What you will do: Starting at the line that contains "Kodak Men's Black and Yellow T-shirt" and stopping at the line that contains "Astronomical radio telescope", transcribe every line of the material below exactly; pictures stay out.

BEGIN Excerpted data

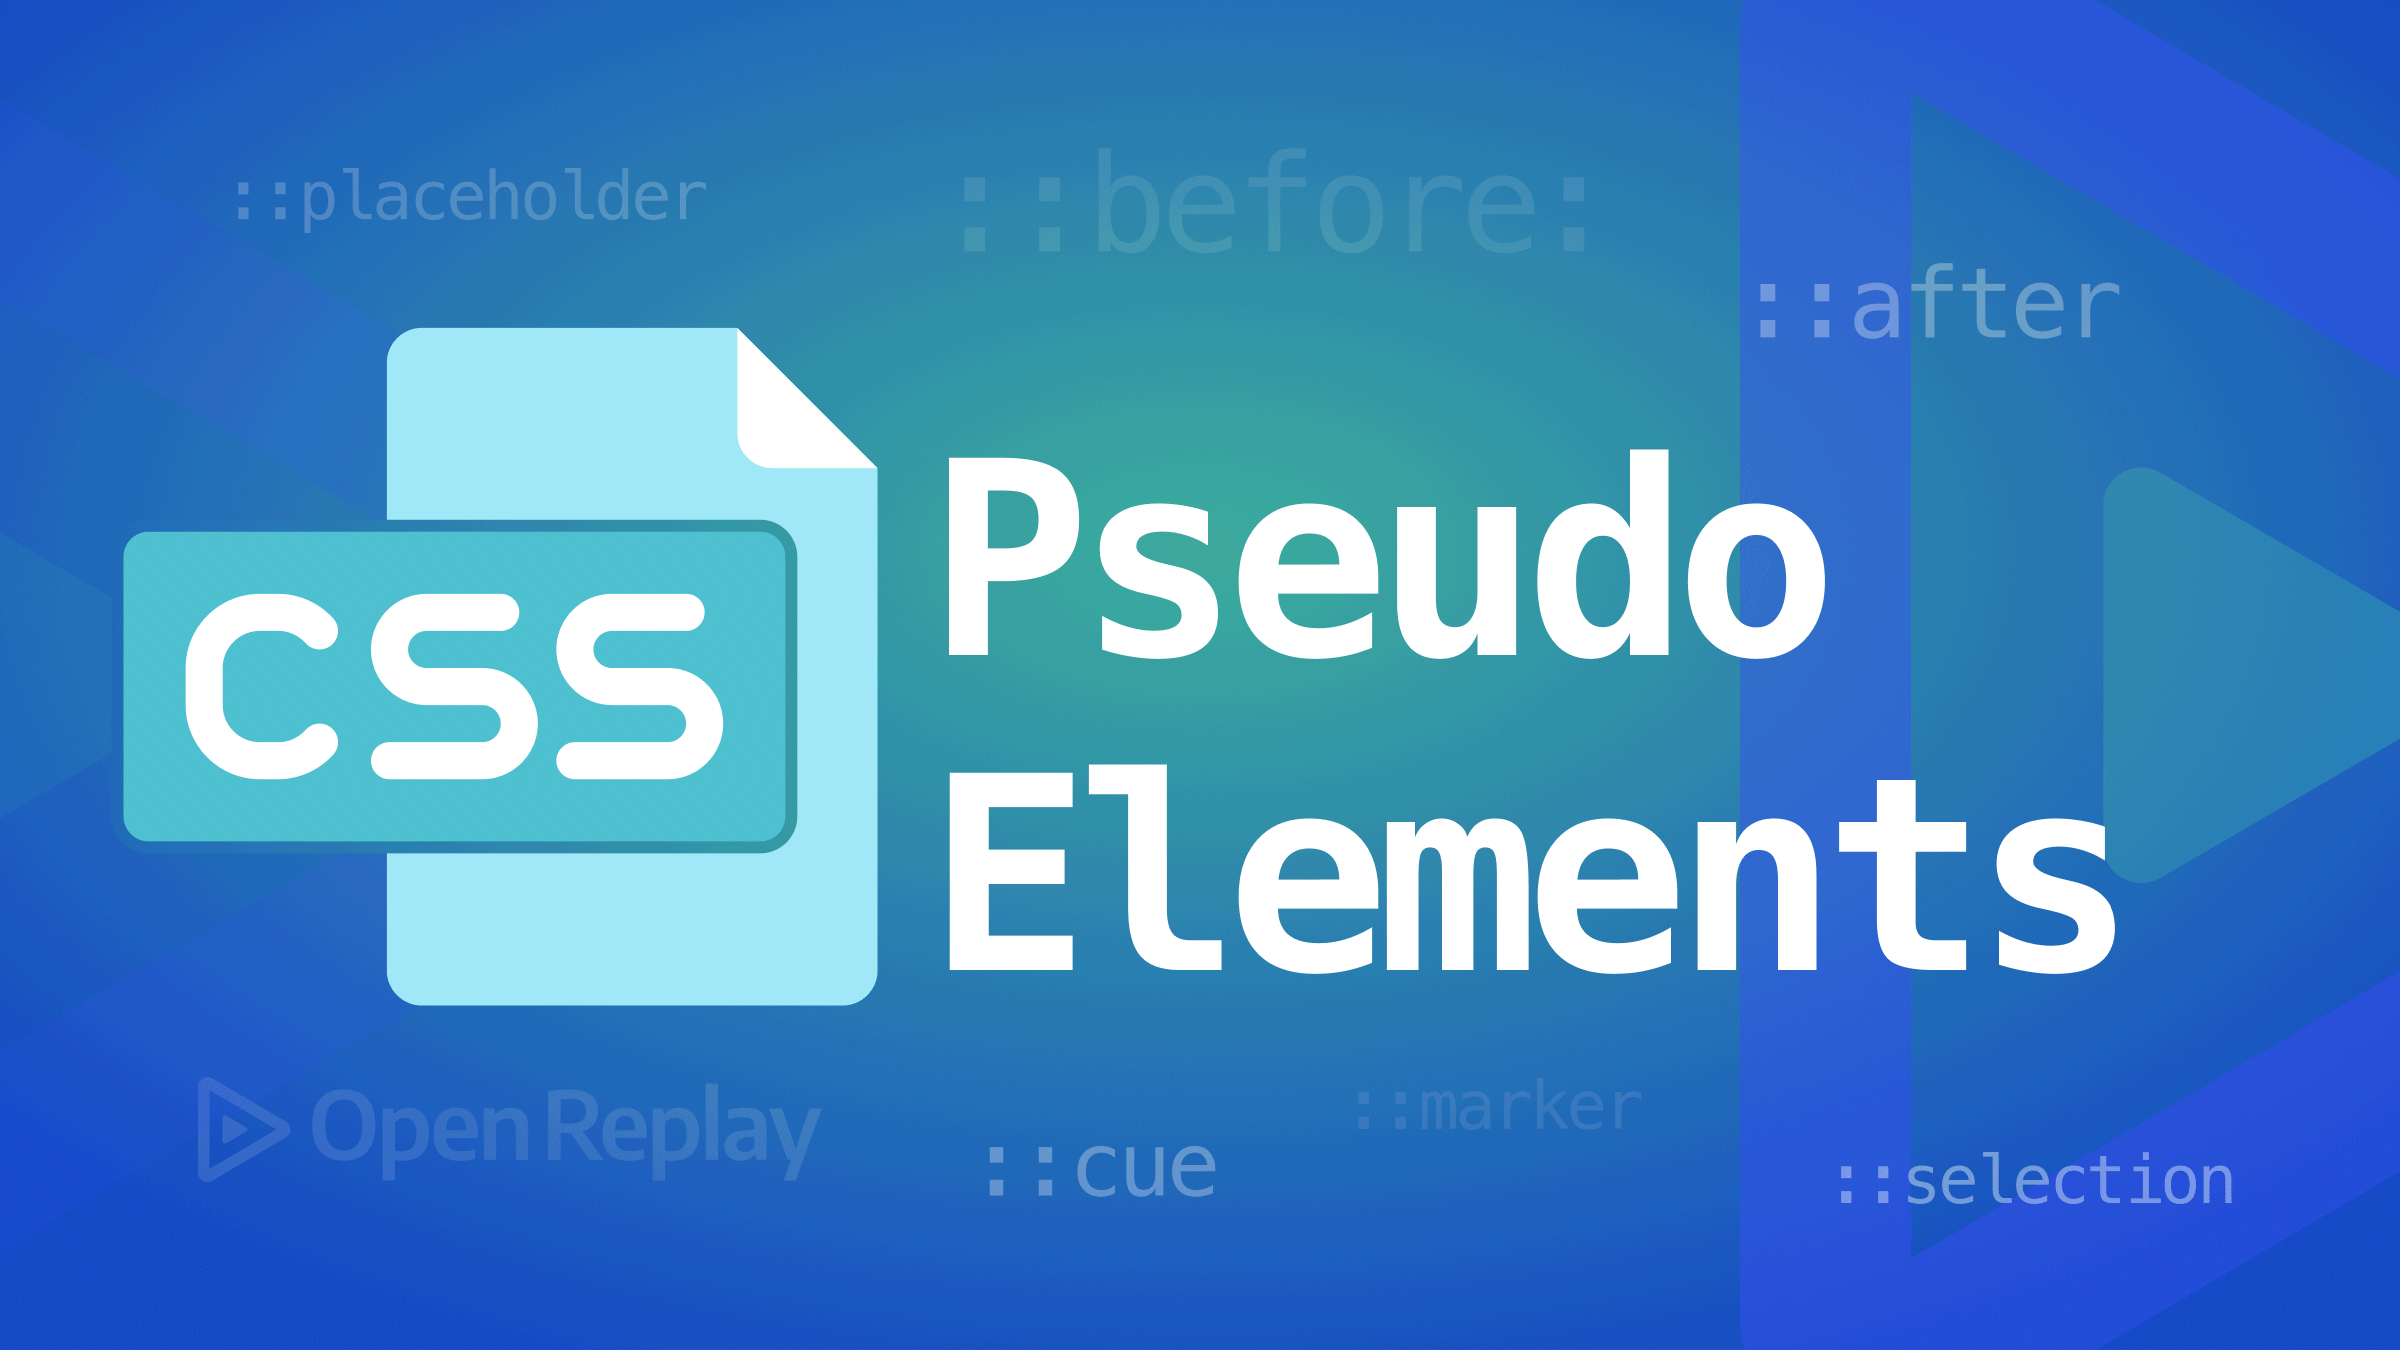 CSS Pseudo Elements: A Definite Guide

END Excerpted data
BEGIN Excerpted data

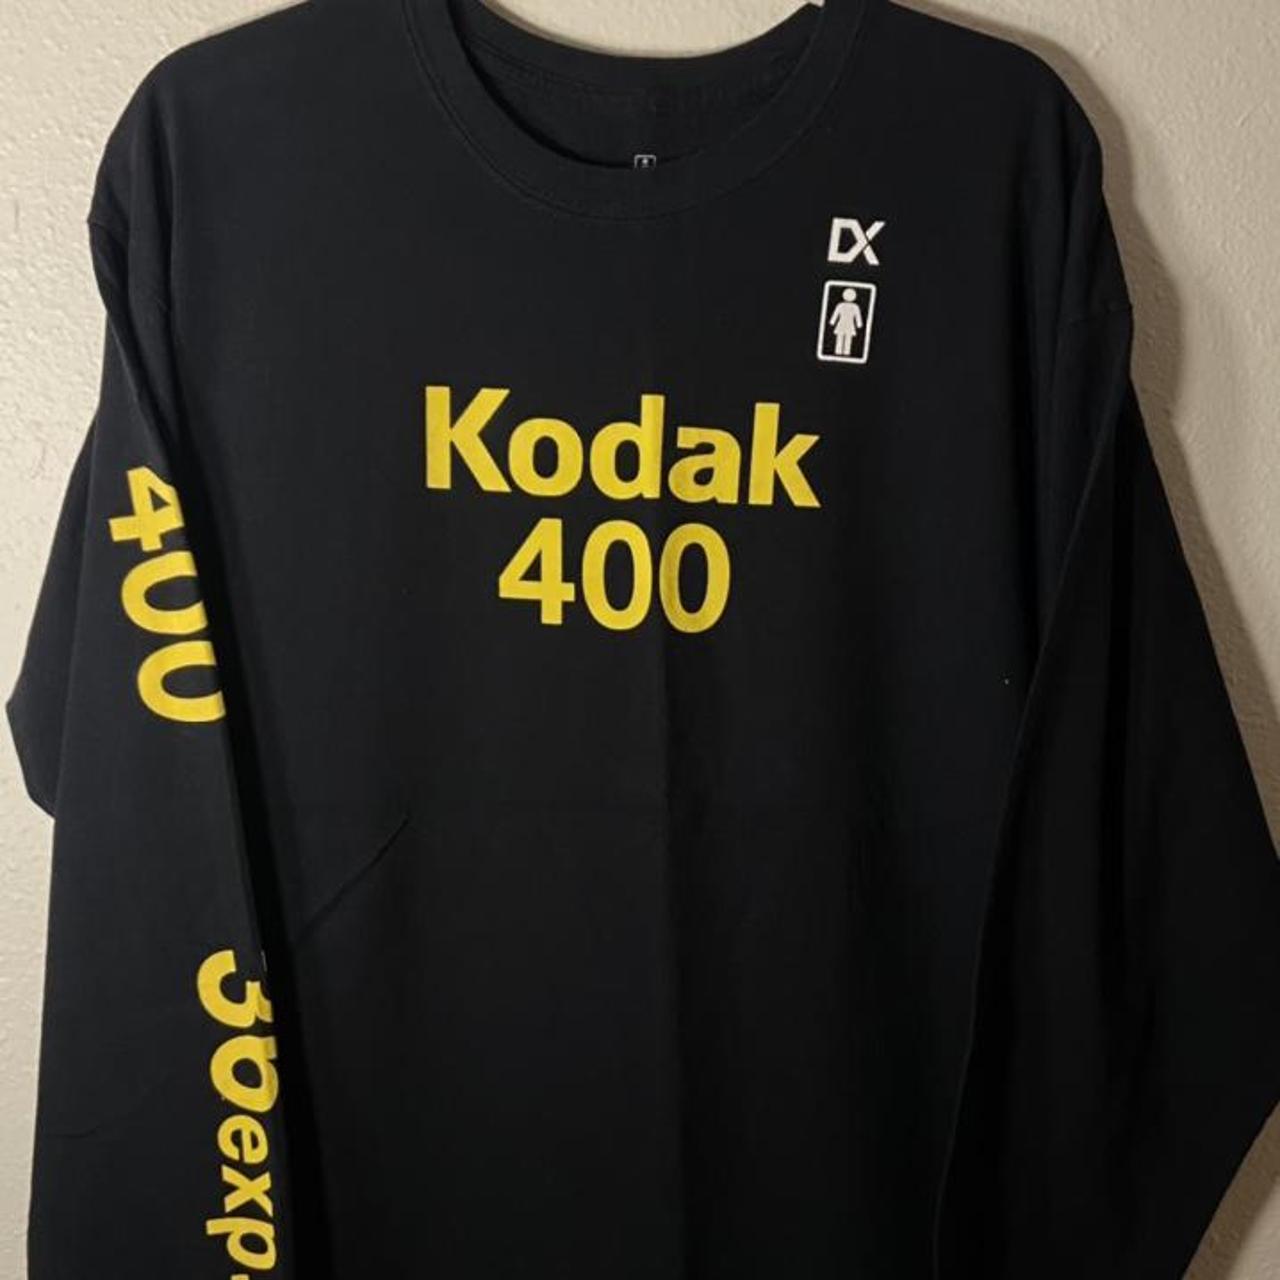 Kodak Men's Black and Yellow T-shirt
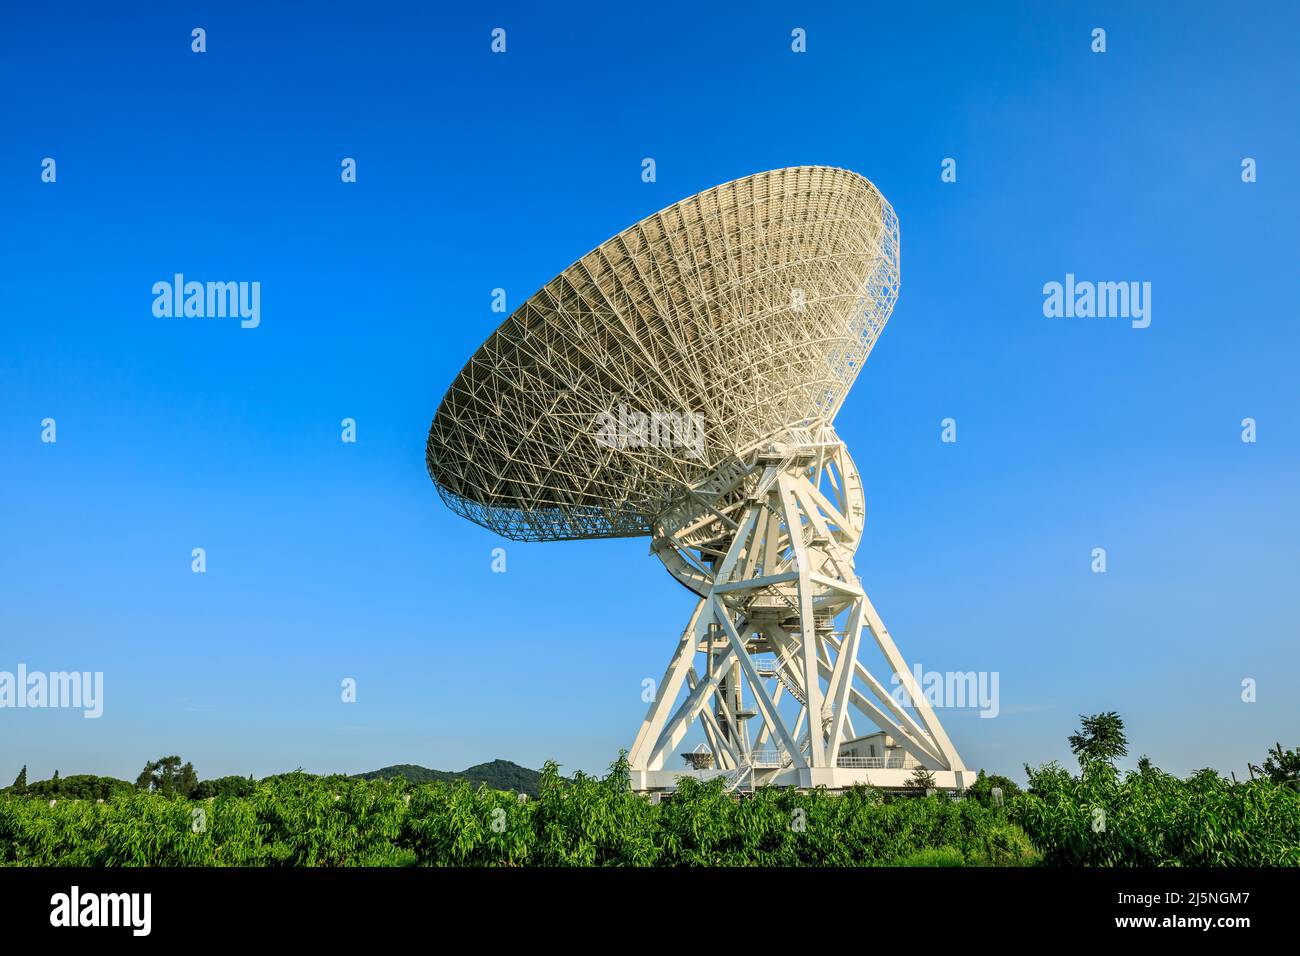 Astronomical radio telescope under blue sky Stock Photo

END Excerpted data

Answer section:
 Kodak Men's Black and Yellow T-shirt
 Astronomical radio telescope under blue sky Stock Photo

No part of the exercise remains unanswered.